On Sun, 18 Oct 2015 18:37:55 +0000, Steve Crook wrote:
> This happens because the default INN behaviour is to include identifying
> headers. It takes a Perl script to strip them out of the message prior
> to posting. If the Perl script breaks for any reason (usually when Perl
> gets upgraded), the headers don't get modified/removed.
Thanks Steve for explaining. I have been horrified, at times, to find that
three servers which didn't "normally" reveal the true NNTP posting host
revealed it in some headers (es, mixmin, & mozilla).
At least now I know how it can happen.
Thank you for that explanation.
> I'm only aware of
newsguy.com and
tornevall.net adopting this behaviour
> but there may be others. It's their choice I guess but it makes it
> impossible for other NSP's to use EMP filters on posts originating at
> those services.
I don't know what an EMP filter is but a search brings up something called
"cleanfeed" which may be related.
I'm guessing what you mean is that those NNTP servers who change the
hash for both the user account and for the nntp server make it harder
for folks like you to filter out spammers based on their hashed user
account and hashed nntp server IP address.

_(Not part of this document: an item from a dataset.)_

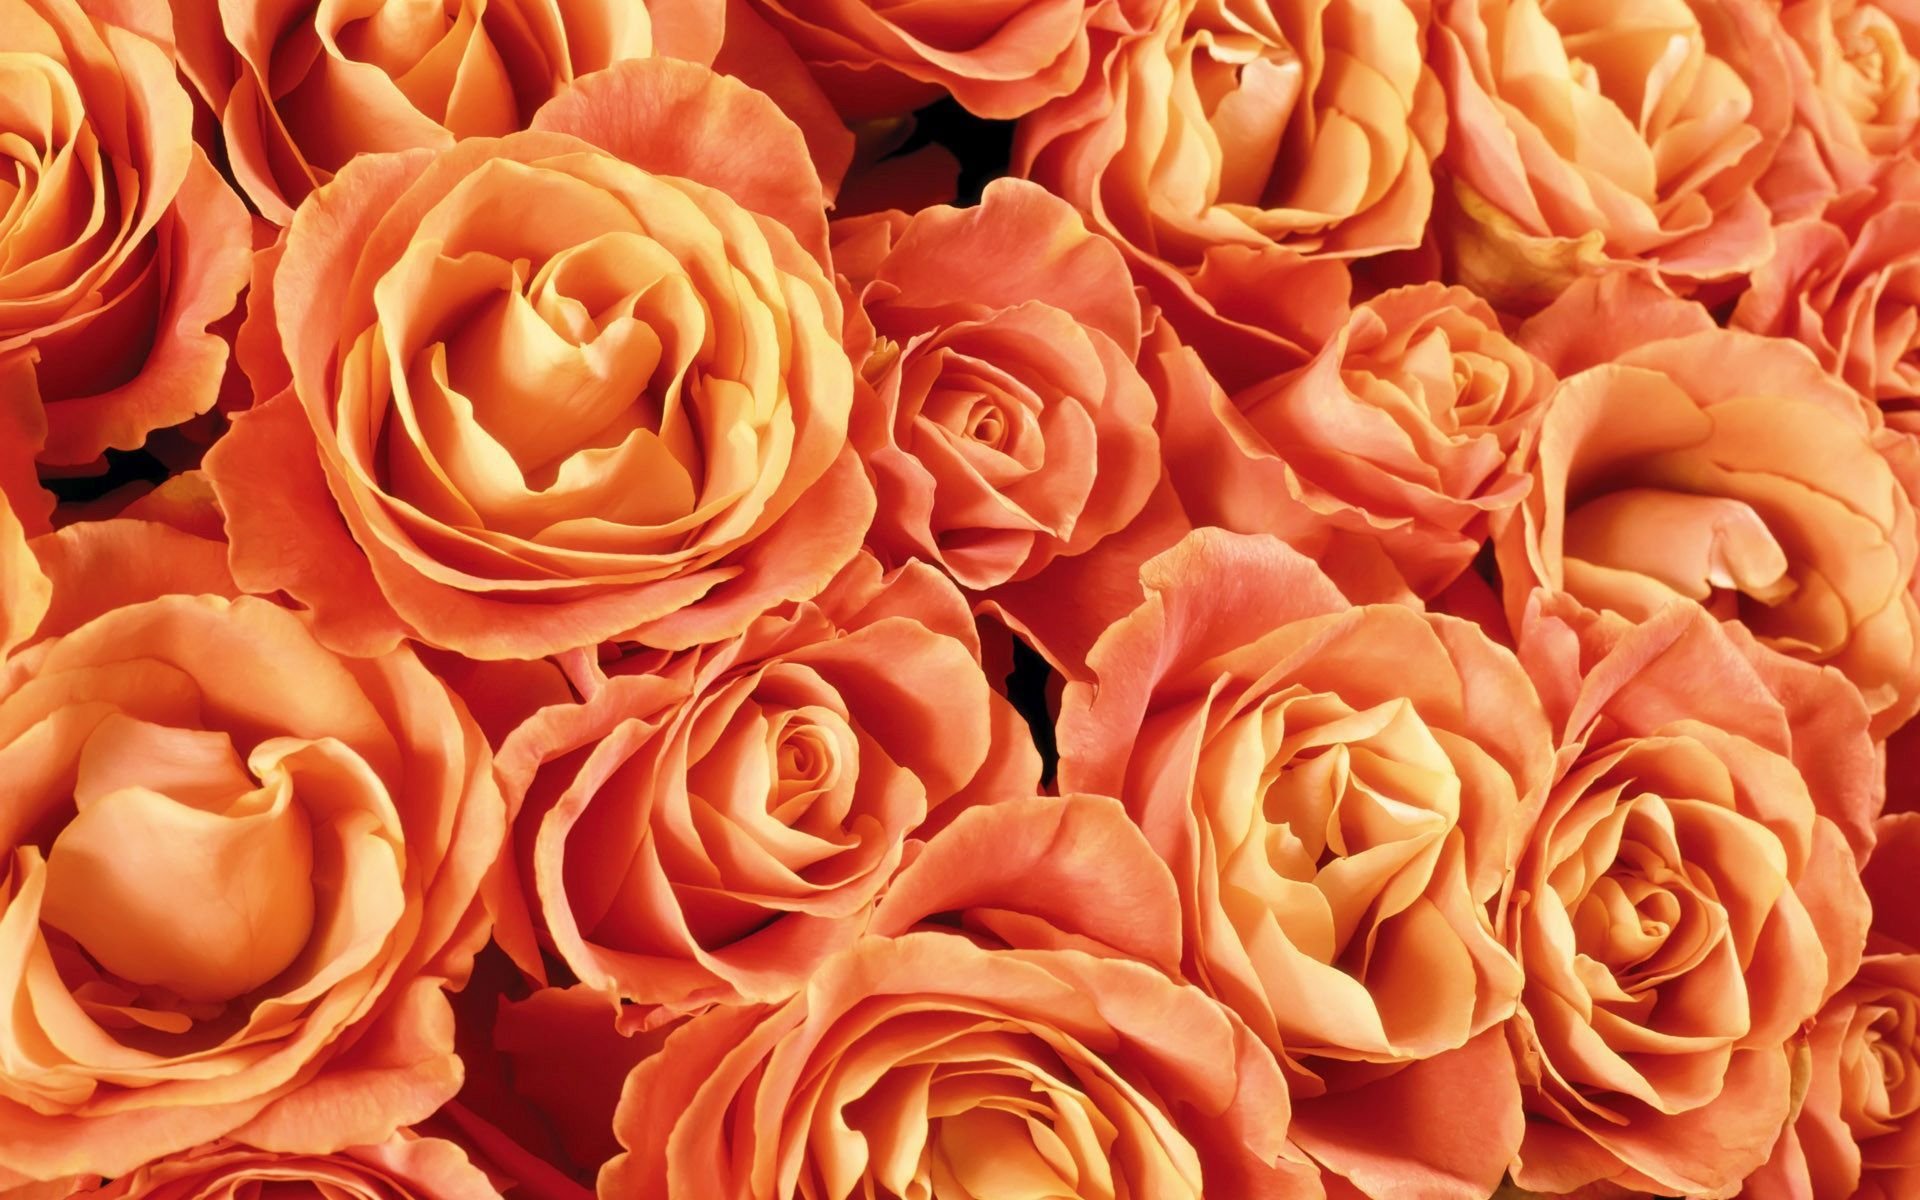 Peach-Colored Roses

That's a fair drawback, to you. To us, it's the same drawback though,
in that an unchanging hash makes it *easier* to identify us, which is
a privacy issue (to me anyway).
Paolo's server, aioe, uses the same "IP hash" all the time = BAD.
Roman's server, albasani, I think changes both IP & username hashes = GOOD.
Likewise with solani = GOOD.
Ray's server, es, I think, uses the same IP & username hashes all the time = BAD.
Jesse's server, blueworld, I think, changes both IP & username hashes = GOOD.
I think your server, mixmin, repeats the same "IP hash" all the time.
Is that information (on your server) correct?
> I'd strongly suggest that none of them grant you anonymity. They munge
> headers so that readers can't tell where a post originated. That really
> is the limit of the privacy they afford.
That's all "I" want.
Basic privacy.
If I post a question about, oh, let's say my medical condition of AIDs or
a reaction I had when I used too much Viagra (or whatever), I just don't
want my kids' kids to figure out it was me, a dozen years from now.
Privacy is something you have to actively seek every day.
> Post something that attracts the attention of <insert local law enforcement
> here> and you'll be extremely vulnerable. If you want real anonymity,
> use Tor (and use it well) or use Remailers.
I'm not talking at all about criminal acts. I'm just talking about basic
everyday privacy. All I want is my conversation not to be tracked to me
today, tomorrow, or next year by some script kiddie who can cull nntp
headers en masse, off of the net.
Mostly what I'm asking about are really two things that are in our headers:
1. Username privacy (which you don't have an issue with since you don't require it)
2. NNTP posting host privacy (which you put in your headers with static hashes)
I really don't understand how the "encryption" part protects privacy, so,
I'm not specifically asking about that (although it "must" be a good thing).
I did just now try port 563 on aoio and it failed, so, it's not so simple
to get port 563 working on at least aioe's server
nntp.aioe.org:563 but
I didn't try 443 so maybe I got the port number or server name wrong
(because 119 worked fine afterward).